Data segment:
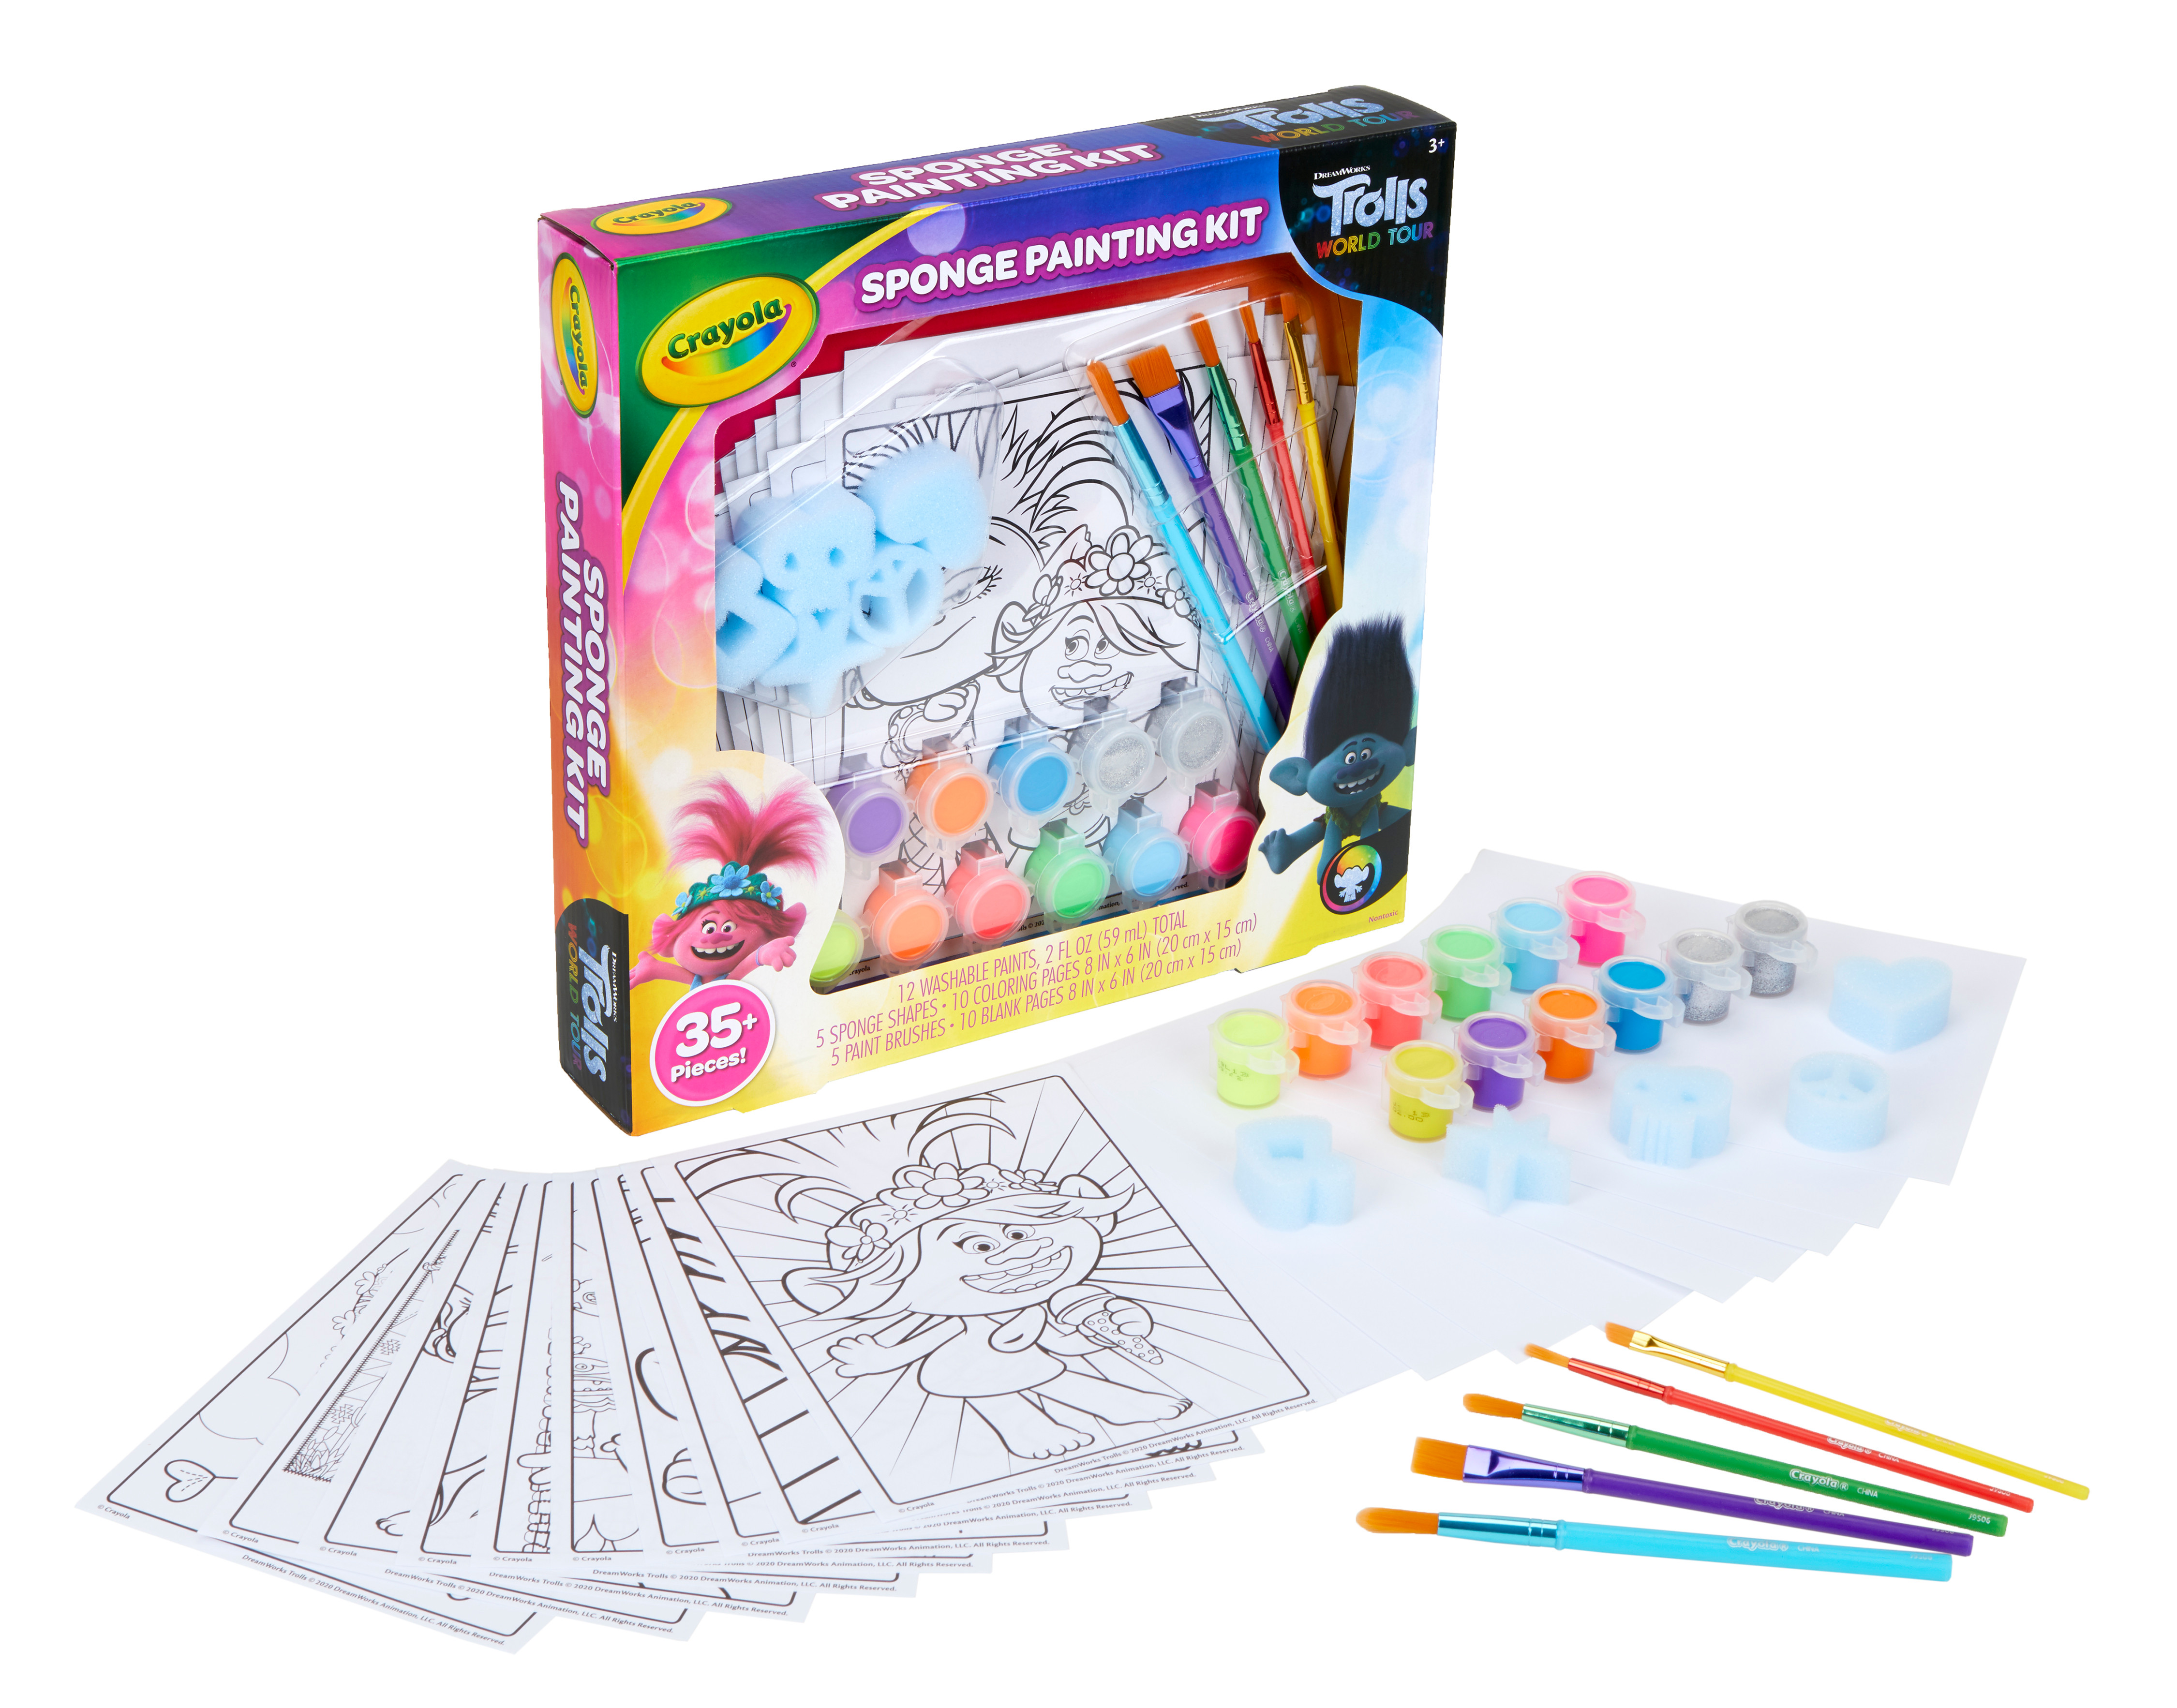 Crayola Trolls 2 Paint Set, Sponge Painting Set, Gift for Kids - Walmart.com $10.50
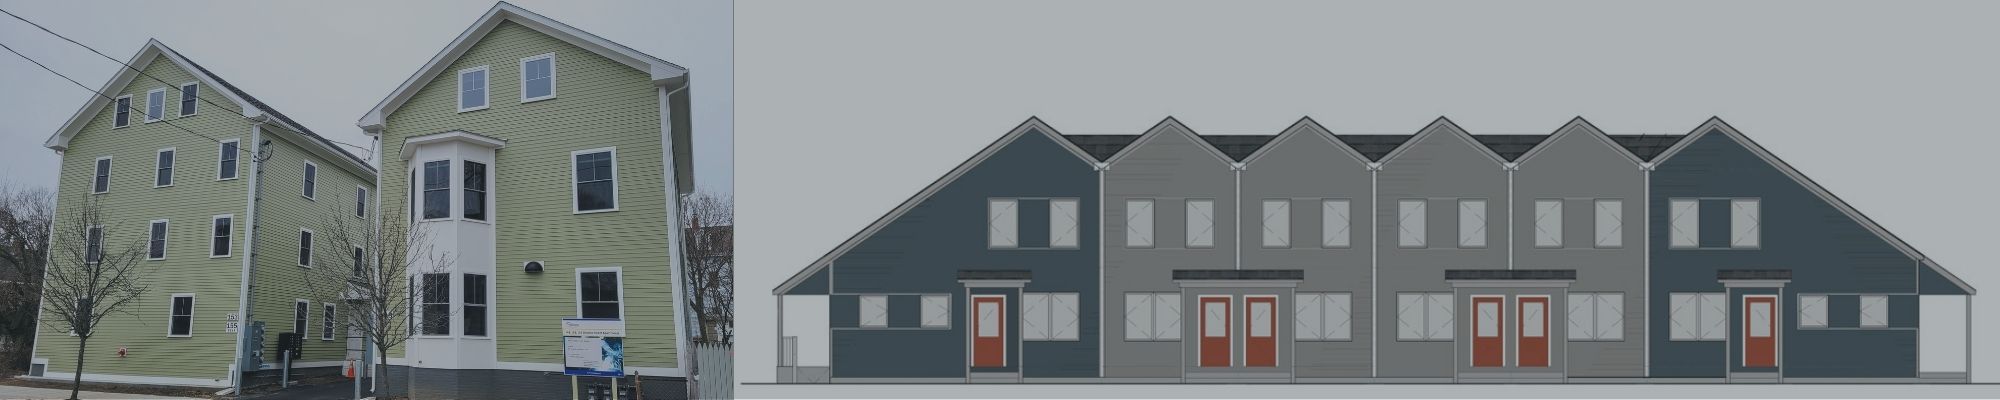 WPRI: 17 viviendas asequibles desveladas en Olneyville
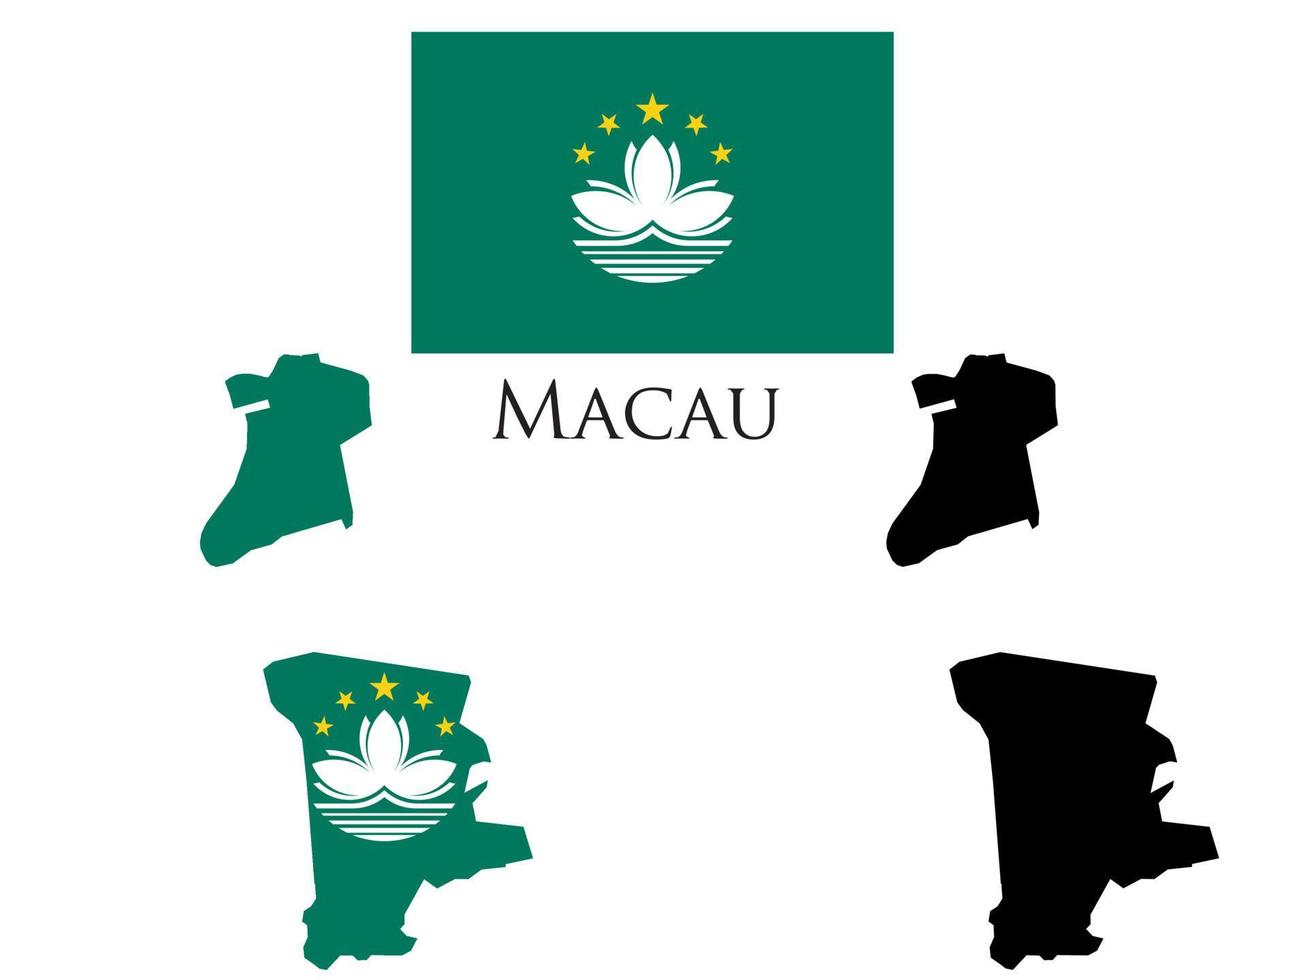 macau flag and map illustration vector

Instructions for the task: Keep the pictures out while you retype all of the data above exactly as it appears.

Task result:
 Crayola Trolls 2 Paint Set, Sponge Painting Set, Gift for Kids - Walmart.com $10.50
 WPRI: 17 viviendas asequibles desveladas en Olneyville
 macau flag and map illustration vector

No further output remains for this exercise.